При каких условиях правитель, как правило, глава самого могущественного племени или фракции в стране, а также главы других могущественных племен и фракций, могут согласиться на такое ограничение? Это возможно только при условиях, имеющих место в национальном государстве: условиях, где главы соответствующих племен и фракций связаны друг с другом узами взаимной лояльности; и где племена и фракции, ими возглавляемые, также лояльны друг другу. Там, где существуют такие узы лояльности, индивидуальные свободы, защищаются упомянутым громоздким правительственным механизмом, и вытекающие отсюда выгоды для материального процветания и национальной целостности воспринимаются как блага, получаемые всеми и каждым. Там, где они существуют, даже деятельность политической фракции, которую человек ненавидит, или церкви, которую он не одобряет, или газеты, которую он считает наполненной безответственным подстрекательством, может восприниматься как продвижение дела нации, потому что они являются выражением свободных институтов, являющихся силой и славой народа. Мы видели, что именно такие узы лояльности, возникшие в контексте национальных государств Англии, Голландии и Америки, были достаточно сильны, чтобы возникли обширные индивидуальные права и свободы. И мы видели, как имитируют эти условия в других национальных государствах по всему миру, часто с впечатляющим успехом.

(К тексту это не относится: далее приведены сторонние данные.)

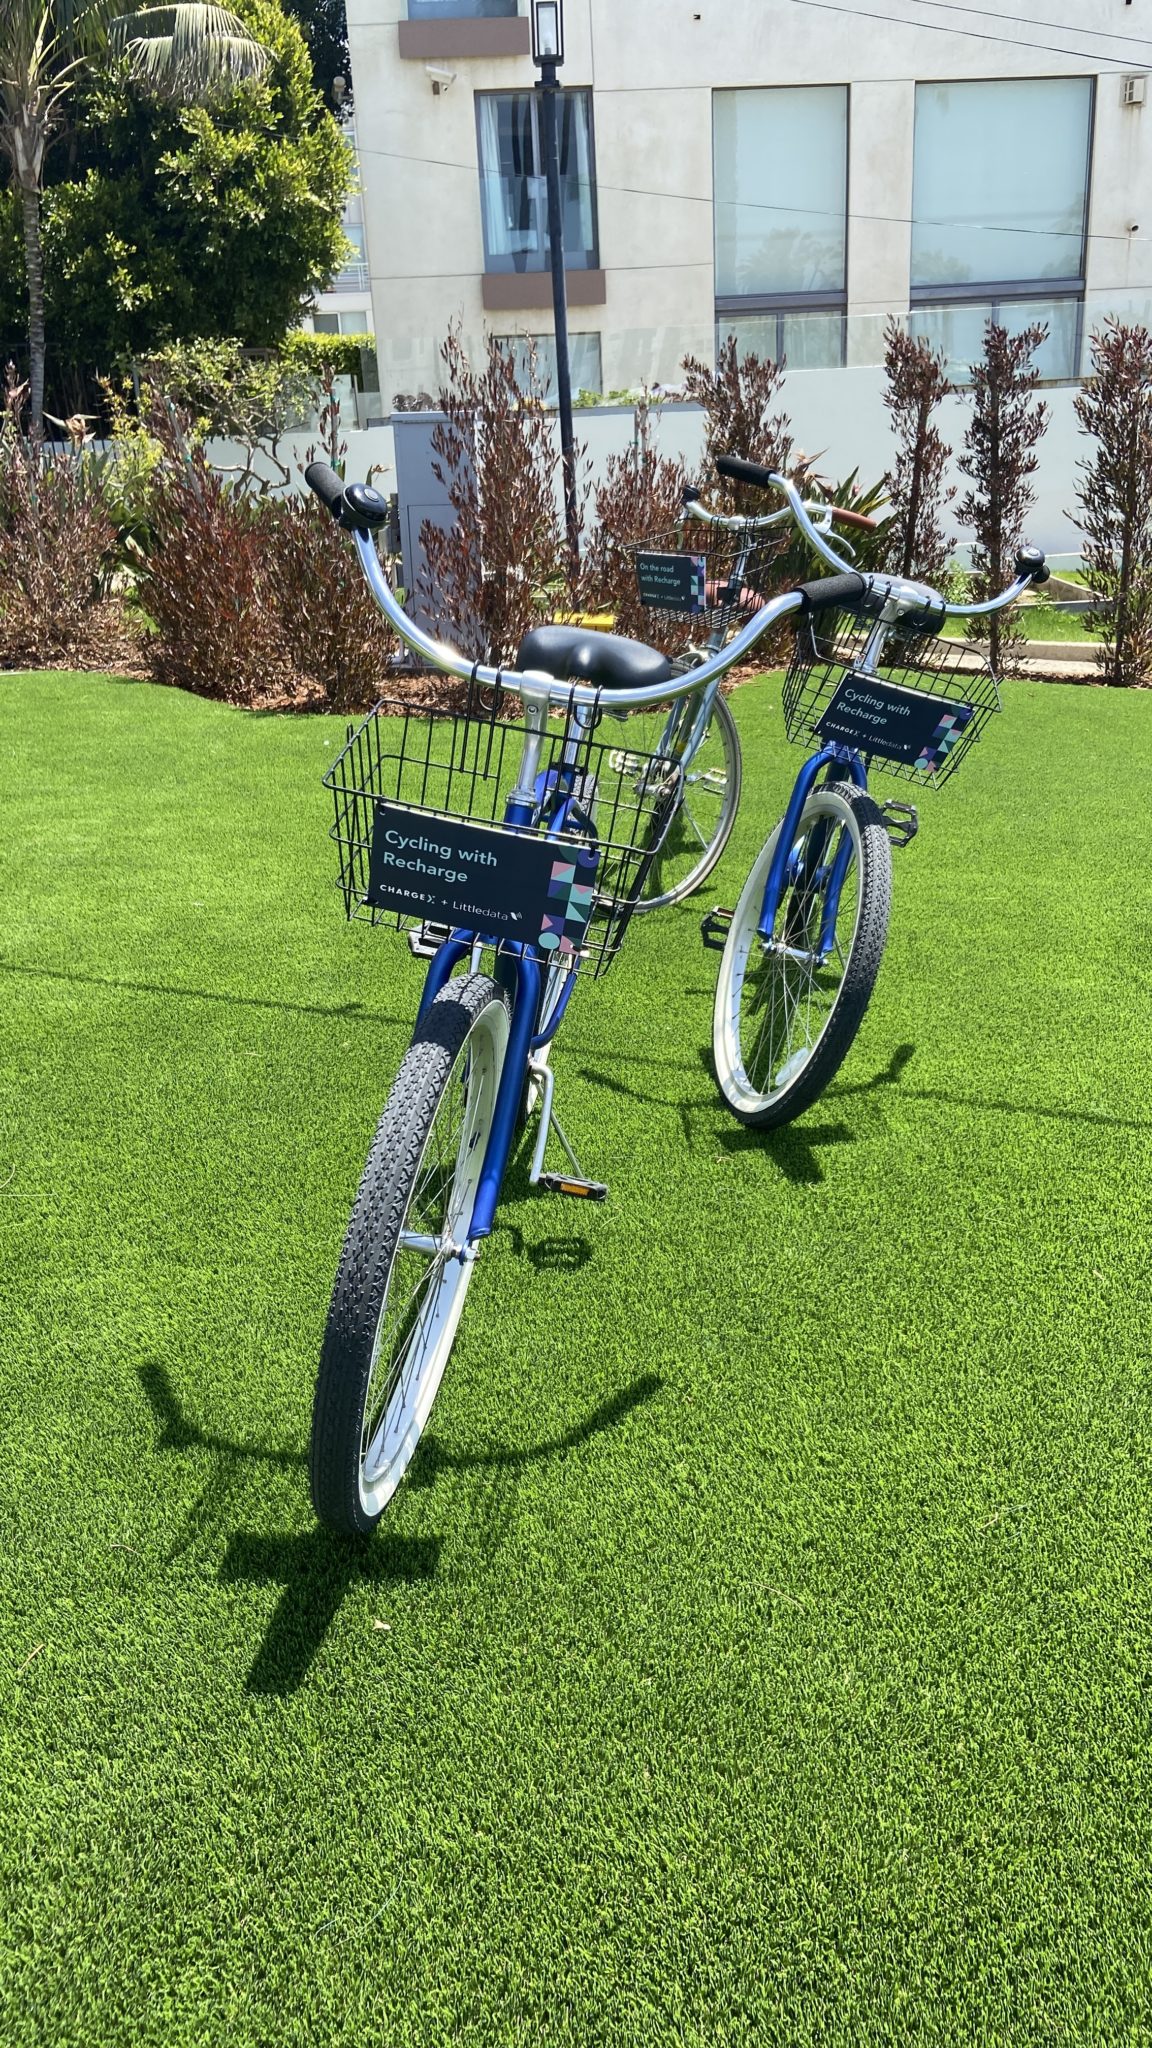 Deux vélos bleus avec la marque ChargeX sur leurs paniers avant debout avec leurs béquilles sur de l'herbe prêtes à être utilisées par les participants.

А как обстоят дела в имперском государстве? Разве оно не может создать подобный правительственный аппарат, чтобы он также обеспечивал широкие права и свободы личности по всей своей империи? Я уже сказал, что каждое имперское или универсальное государство обязано быть деспотическим. Аргумент такого рода был высказан Миллем, знакомым с функционированием империй. Обозревая Австро-Венгрию своего времени, он отметил, что у составляющих ее национальностей нет способа достичь взаимной лояльности. Не разделяя ни язык, ни религию, они не могли ощущать себя подлинно едиными, а скорее конкурентами, каждому из которых угрожают остальные. Нет понятия общего политического лидера, скорее у каждой нации есть свои лидеры. Точно так же нет общих публикаций, и, следовательно, нет общественной сферы, устанавливающей общепринятое
восприятие событий; но у каждой нации есть свои собственные публикации и свой собственный взгляд на то, что считается пониманием происходящего. В самом деле, все, что объединяло эти соперничающие нации, это сила австрийского оружия, использовавшаяся поочередно для подавления восстаний в каждой из наций. К этому анализу я бы добавил, что каждая империя, в конечном итоге, скрепляется сплоченностью основной нации, члены которой действительно связаны друг с другом узами взаимной преданности. В Австрийской империи это была немецкая нация, которая могла, с большей или меньшей помощью мадьяр, править силой до тех пор, пока не предоставила широкие свободы подчиненным нациям.
В имперском государстве, типа Австрийской империи, разные нации не скреплены узами лояльности. Когда такое государство переживает триумф или поражение, подчиненные ему нации не воспринимают это как нечто, случающееся с ними. Скорее они воспринимают это как что-то, происходящее с посторонним: с правящей нацией и с завербованными из других наций коллаборационистами, отвернувшимися от своего народа. В таких условиях любое предоставление индивидуальных свобод, например, свободы слова это некий дар подчиненным нациям, используемый нациями лишь для того, чтобы еще настойчивей добиваться распада имперского государства. Так было в Австрийской империи, когда на последних этапах своего существования она экспериментировала со свободными институтами и тем самым ускорила своё собственное падение. И мы видели то же самое в современных многонациональных государствах, таких как Советский Союз и Югославия. Эти государства на протяжении поколений удерживались вместе только жестоким угнетением и сразу же распались на соответствующие национальности, как только в конце прошлого века были сделаны попытки предоставить индивидуальные права и свободы.
Если мы заинтересованы в создании свободных институтов, подобных тем, что возникли в рамках англо-американской политической традиции, нашей первой заботой должна быть сплоченность нации. Взаимная лояльность, проистекающая из подлинной общности: языка, религии и истории прошлых союзов в эпохи войн, является прочным фундаментом, от которого зависит все остальное. Там, где эта связь окрепла за долгие годы существования и горького опыта, мы обнаруживаем, что люди готовы жертвовать сиюминутным политическим преимуществом - своим или своего клана и племени - ради коллективного блага нации. Эта готовность отказаться от сиюминутных преимуществ может затем проложить путь к развитию свободных национальных институтов, включающих традицию индивидуальных прав и свобод, во многом так же, как она прокладывает путь к самопожертвованию при защите нации от внешних врагов.